Эти ребята даже не оказались, но, конечно, всегда были умнейшими людьми, которые знали о молекулярной биологии, не говоря о Сеченове. Цикл статей Влада мы уже публиковали в газете под рубрикой «Меню или разгадки вечных загадок». Город жаждал разгадок и теперь гадал: кто автор? Иногда писали и просили – автора! Но псевдоним Савва Владиславович я не открывал никому.
Влад сразу разгадал и долго смеялся, узнав о своём псевдониме: так звали графа Савву Владиславовича-Рагузинского, одного из сподвижников Петра Великого, человека, который проводил русско-китайскую границу вместе с Ганнибалом Петровичем, предком Пушкина.
Пока я гадал над меню, где уже ничего мясного не было, но и рыба меня уже не прельщала, подошёл Влад и, улыбнувшись, протянул несколько новых листов. Продолжение цикла.
Вика принесла мне гречневую кашу, овощной салат и кофе.

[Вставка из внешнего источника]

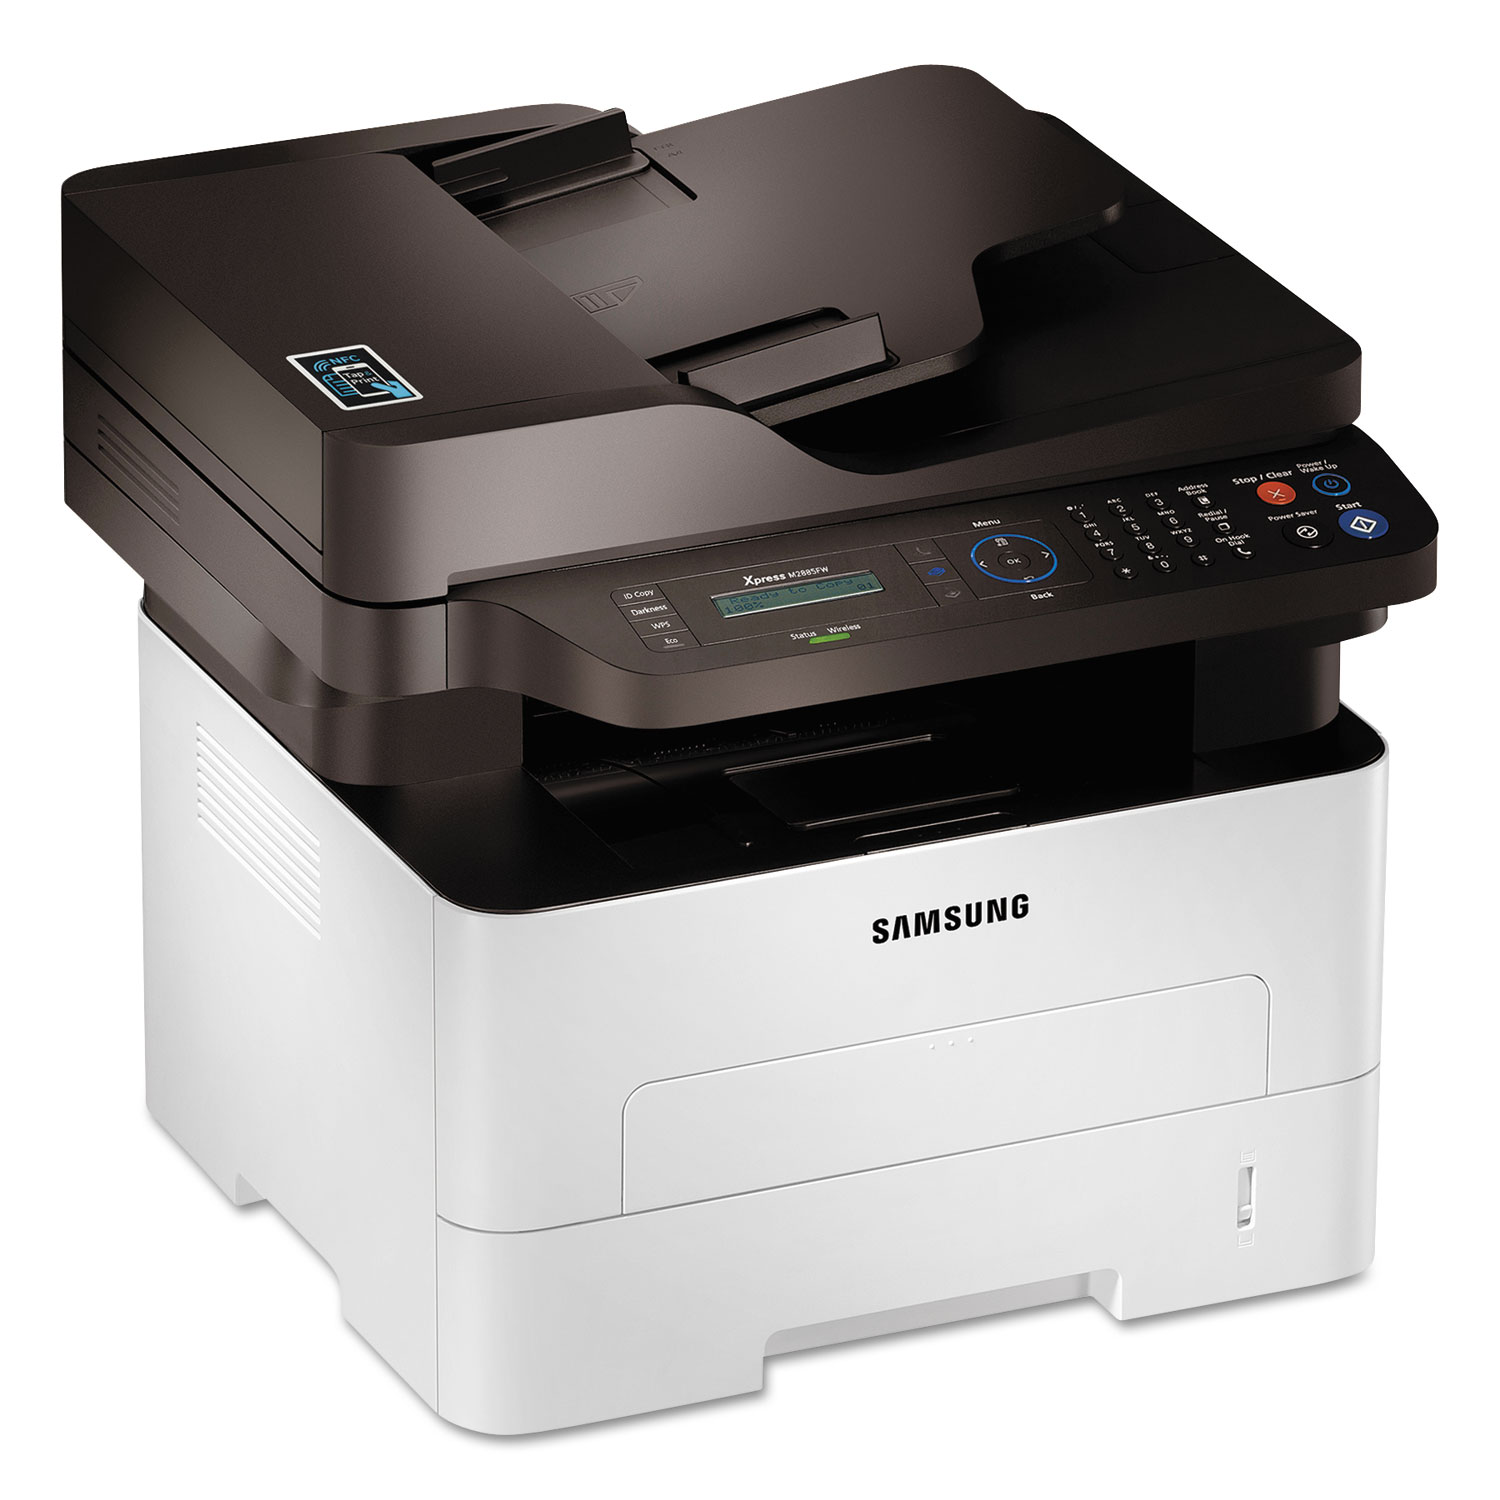 SL-M2885FW Multifunction Laser Printer, Copy/Fax/Print/Scan

Вот что мне надо было!
Но почему мы первые блюда превратили в гарниры?
«Человеческий организм сложнее любых придуманных им самим механизмов и машин, как и вся наша мать-Природа. Но неужели неведомый нам Гений, создавший человека, не подсказал ему его ежедневное меню? – Задавался вопросом Влад. – Как же прожили миллионы лет животные без такого меню? Как существовали наши предки без всяких рекомендаций, написанных диетологами, докторами, производителями различных продуктов?
Гений не мог оставить живой мир без меню! И оно есть для каждого живого существа. Ими пользуются все животные, кроме человека, который изобретает собственное меню, ради того, что он называет выгодой, которое, на самом деле, ведёт его к преждевременной смерти. Ведь человек не Гений, который создал его и позаботился о нём. Гений или Гении, устроившие Большой взрыв, рассчитали весь путь от  одноклеточных до человека, где на каждом этапе и у каждого организма должно быть своё меню.
Но что же, обретя, как он думает, самостоятельность, изобрёл человек? Задолго до знаний о теории Большого взрыва, он изобрёл Бога, множество Богов, после чего начал окуривать своё сознание. Так в скорлупе, в которой живёт человечество, был придуман Бог. Но, может статься, что таких скорлуп неисчислимо…»
Чтение настолько увлекло меня, что я позабыл о времени и очнулся, когда за окном было уже темно, а зал преображался в ночное заведение. Я поймал взглядом суетящегося с какими-то литаврами и барабанами Влада, помахал ему сложенными листами и отправился в редакцию.
На крыльце кафе собиралась стайка девиц в невероятных одеждах, подчёркивающих и показывающих прелести, включая возможные. Все они курили, снисходительно и оценивающе посматривая на меня.
- Уже уходишь? Может быть, угостишь чем-нибудь? – спросила одна из них.
- В следующий раз. Накинь плащ, простудишься. – Машинально ответил я, спускаясь по ступенькам крыльца.
- Ишь какой сердобольный! – донеслось вслед.
- Жадный чувачок!
- Импотент, наверное…
Народу становилось гуще, и эти худосочные и полуголые существа переключились на других мужчин, которые поднимались по ступенькам. Я был уже далеко от кафе, когда грянула оглушающая музыка, и всё кафе осветилось пляшущими разноцветными огнями…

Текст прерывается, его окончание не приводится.